Published online by Cambridge University Press: 12 April 2025
The COVID-19 pandemic in 2020 and 2021 upended every facet of life – communication, daily routines, leisure time, among countless other disruptions. While virtually every industry was impacted by the pandemic, nightlife and live performance were hit particularly hard. As an art form rooted in liveness, often at LGBTQ+ bars and clubs, it is unsurprising that drag performance was greatly impacted by pandemic restrictions. Drag artists in the US tend to be gig workers, often rendering them ineligible for traditional unemployment benefits. The closures of nightlife spaces and the inability to gather safely in person resulted in a sudden and total loss of income for drag artists. The effects of COVID-19 were felt by artists collectively (Buchholz et al, 2020; Warnecke, 2020; Jeannotte, 2021), but the precarity for drag performers (compared with theatre actors, for example, who often belong to actors’ unions), and lack of fallback options made the imagined future for drag during the pandemic particularly bleak. It became imperative for drag to shift, creatively, to survive pandemic closures and distancing mandates.
Drag pivoted to increasingly diverse avenues, including a foray into the digital realm beginning in late March 2020. ‘Digital drag’ started with real-time performances on Instagram Live and ticketed live events via streaming platforms. Initially, digital drag was a true ‘make it work’ moment; drag artists were in crisis with no foreseeable income, so something had to be done immediately to provide desperately needed earnings. The simplest, quickest solution was attempting to mirror the ‘analogue’ live, real-time, in-person performance. Yet a perfect one-to-one replica of the analogue-live performance using digital media was not feasible. Technical difficulties abounded, real-time interaction was largely lost, and much of the illusory magic of drag was stripped away in the harsh overhead lighting of performers’ living rooms.

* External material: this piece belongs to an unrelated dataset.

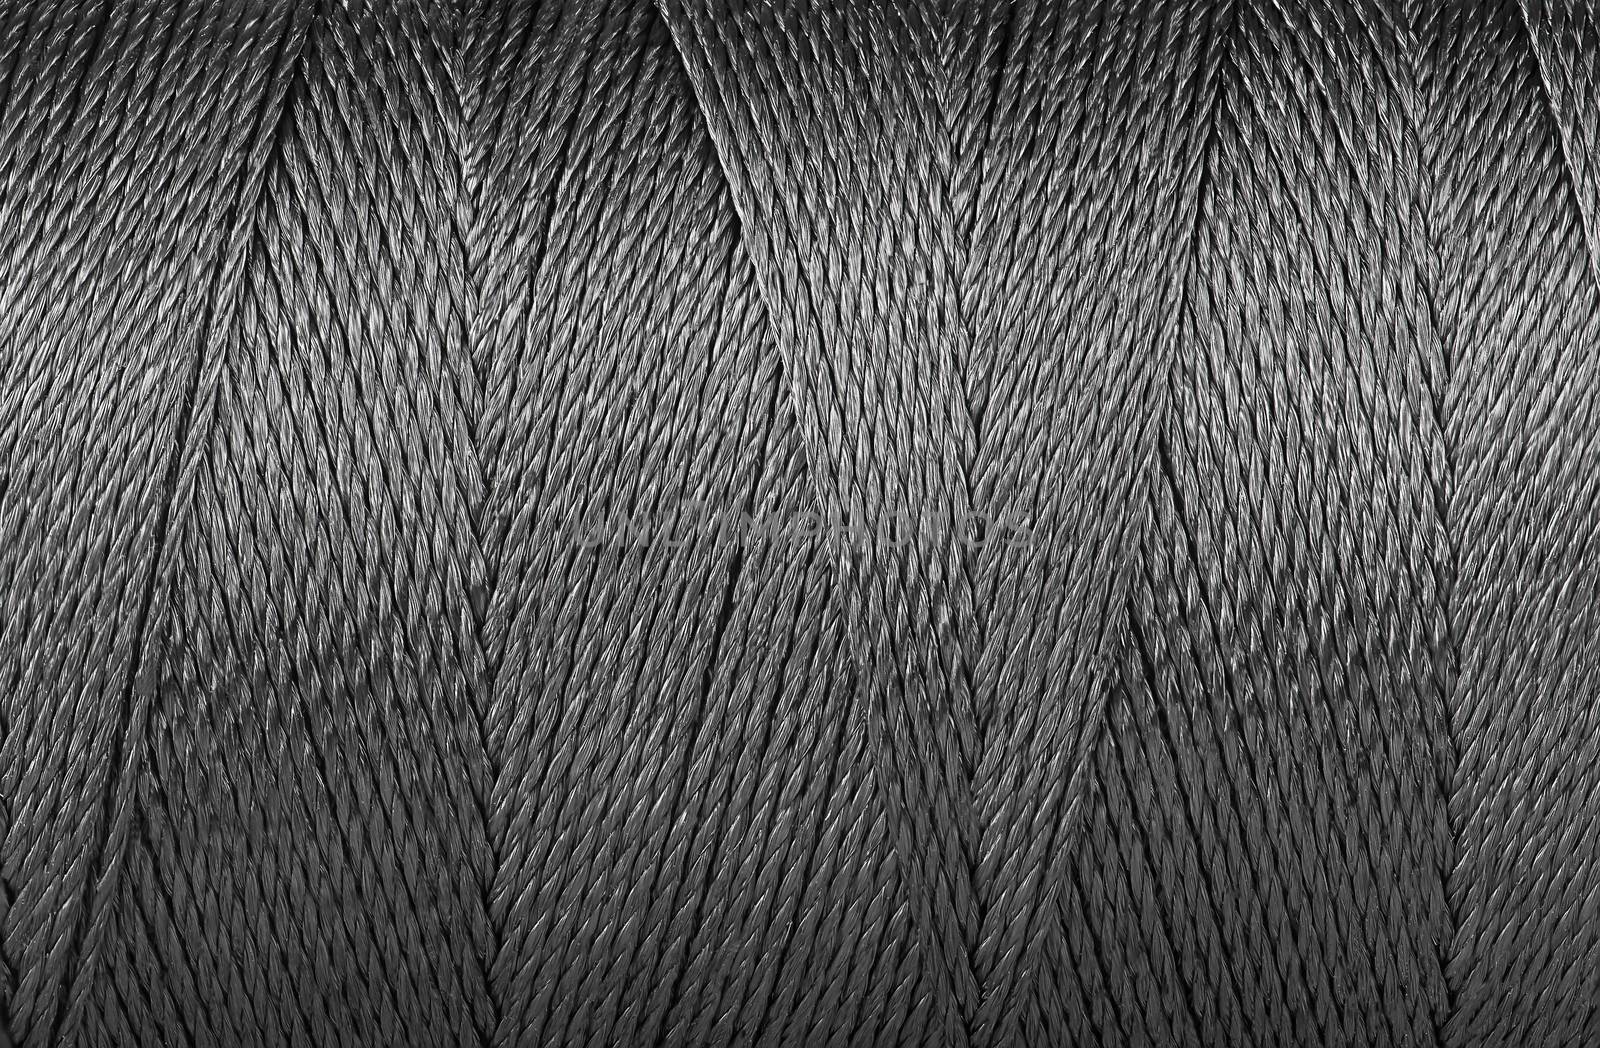 Background close up blue thread texture by Cipariss

When social distancing restrictions lasted longer than initially anticipated, drag had to adapt, once again, to more sustainable solutions until in-person gatherings could safely resume. Digital drag thus became less about replicating the analogue-live, and instead began to mirror music videos: highly stylized recordings using technical effects to heighten or alter embodied performance elements. In other words, digital drag became a novel performance style all its own – one which necessarily interrogates the connections and tensions between embodied art, technology, and the very premise of liveness itself.